### EXERCISE DATA
□ □ □ □ □ □ □

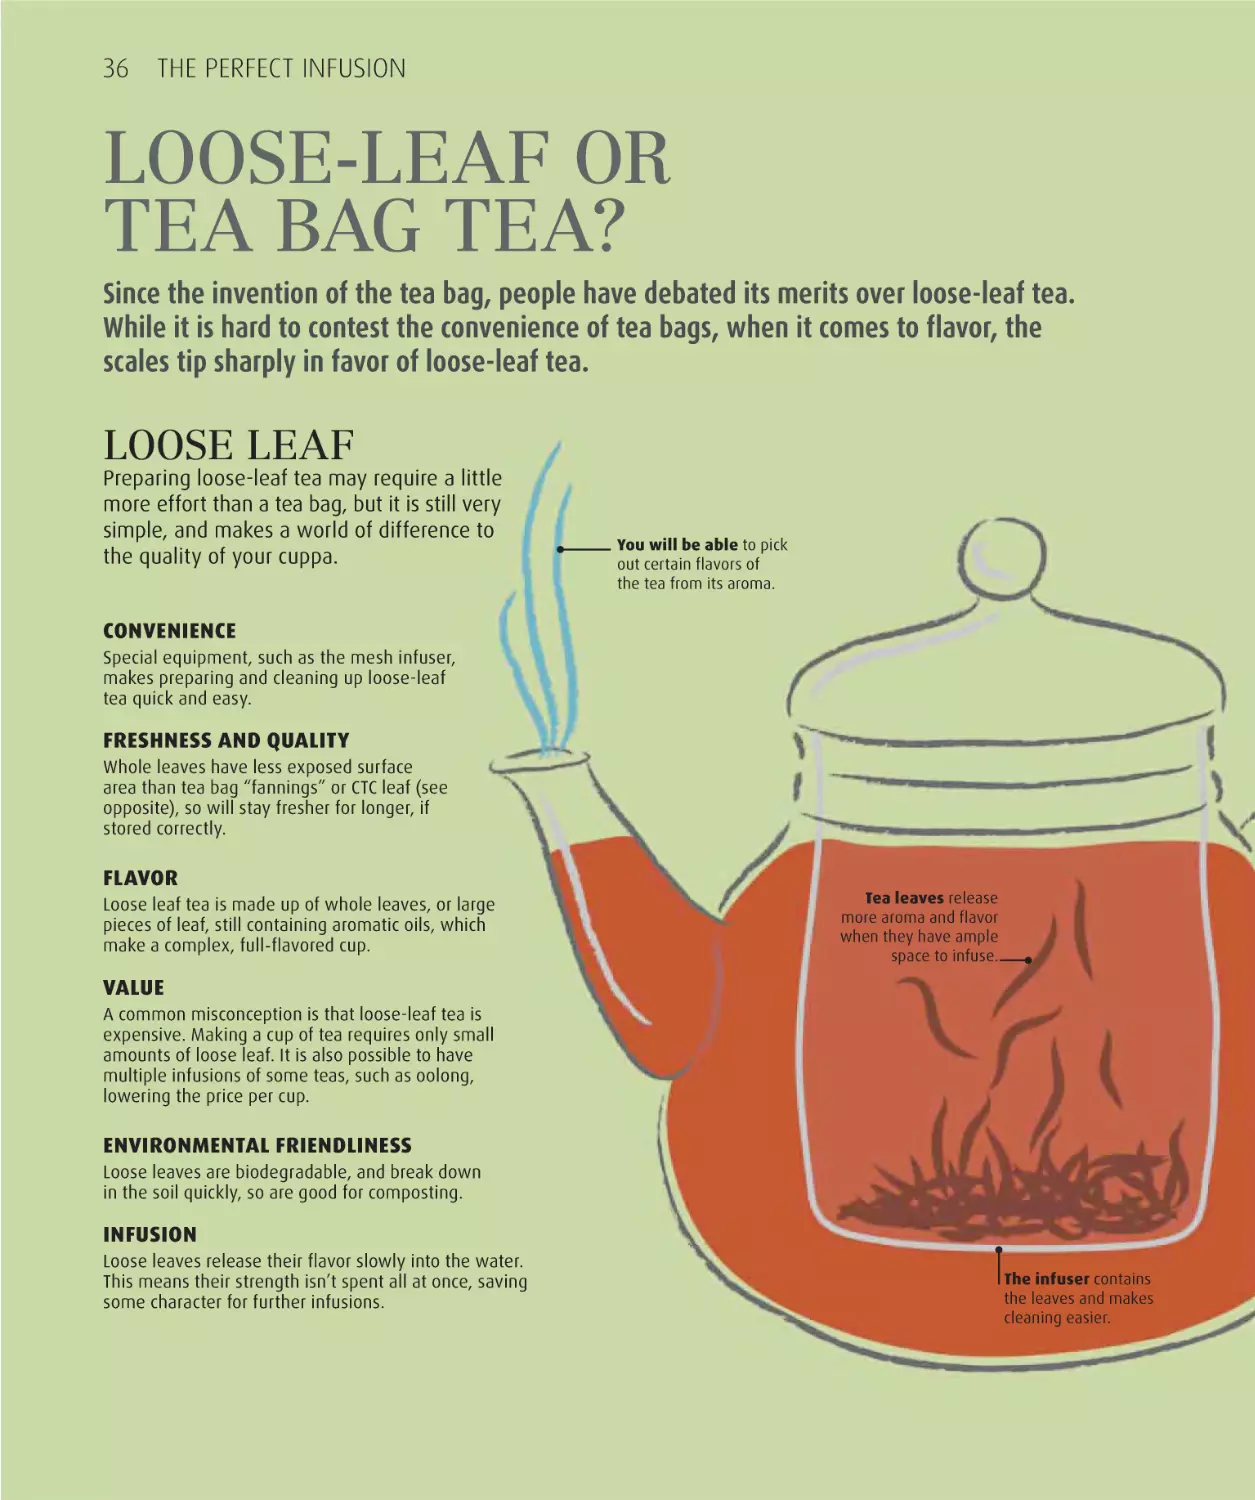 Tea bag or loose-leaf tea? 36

□ □ □ □ □ □ □

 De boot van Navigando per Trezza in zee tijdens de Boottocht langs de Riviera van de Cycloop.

□ □ □ □ □ □ □

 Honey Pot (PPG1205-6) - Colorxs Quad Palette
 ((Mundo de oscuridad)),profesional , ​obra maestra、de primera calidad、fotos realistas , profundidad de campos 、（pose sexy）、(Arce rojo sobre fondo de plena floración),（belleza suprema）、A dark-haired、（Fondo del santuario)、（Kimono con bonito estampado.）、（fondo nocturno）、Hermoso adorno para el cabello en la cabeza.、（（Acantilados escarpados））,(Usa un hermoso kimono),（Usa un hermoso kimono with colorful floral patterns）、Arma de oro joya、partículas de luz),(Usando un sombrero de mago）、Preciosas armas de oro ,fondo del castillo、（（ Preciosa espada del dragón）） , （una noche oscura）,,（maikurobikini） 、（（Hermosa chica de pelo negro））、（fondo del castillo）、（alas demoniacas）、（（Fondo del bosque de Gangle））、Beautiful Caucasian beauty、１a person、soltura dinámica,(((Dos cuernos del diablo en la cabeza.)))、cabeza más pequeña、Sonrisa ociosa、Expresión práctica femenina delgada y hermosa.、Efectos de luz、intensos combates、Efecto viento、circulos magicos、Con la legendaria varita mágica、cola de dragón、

□ □ □ □ □ □ □

### THE PROBLEM
Only one stretch of the data above is needed. Restate it word for word, from the line containing "Honey Pot (PPG1205-6) - Colorxs Quad Palette" through the line containing "((Mundo de oscuridad)),profesional", both ends included.

### TASK RESULT
 Honey Pot (PPG1205-6) - Colorxs Quad Palette
 ((Mundo de oscuridad)),profesional , ​obra maestra、de primera calidad、fotos realistas , profundidad de campos 、（pose sexy）、(Arce rojo sobre fondo de plena floración),（belleza suprema）、A dark-haired、（Fondo del santuario)、（Kimono con bonito estampado.）、（fondo nocturno）、Hermoso adorno para el cabello en la cabeza.、（（Acantilados escarpados））,(Usa un hermoso kimono),（Usa un hermoso kimono with colorful floral patterns）、Arma de oro joya、partículas de luz),(Usando un sombrero de mago）、Preciosas armas de oro ,fondo del castillo、（（ Preciosa espada del dragón）） , （una noche oscura）,,（maikurobikini） 、（（Hermosa chica de pelo negro））、（fondo del castillo）、（alas demoniacas）、（（Fondo del bosque de Gangle））、Beautiful Caucasian beauty、１a person、soltura dinámica,(((Dos cuernos del diablo en la cabeza.)))、cabeza más pequeña、Sonrisa ociosa、Expresión práctica femenina delgada y hermosa.、Efectos de luz、intensos combates、Efecto viento、circulos magicos、Con la legendaria varita mágica、cola de dragón、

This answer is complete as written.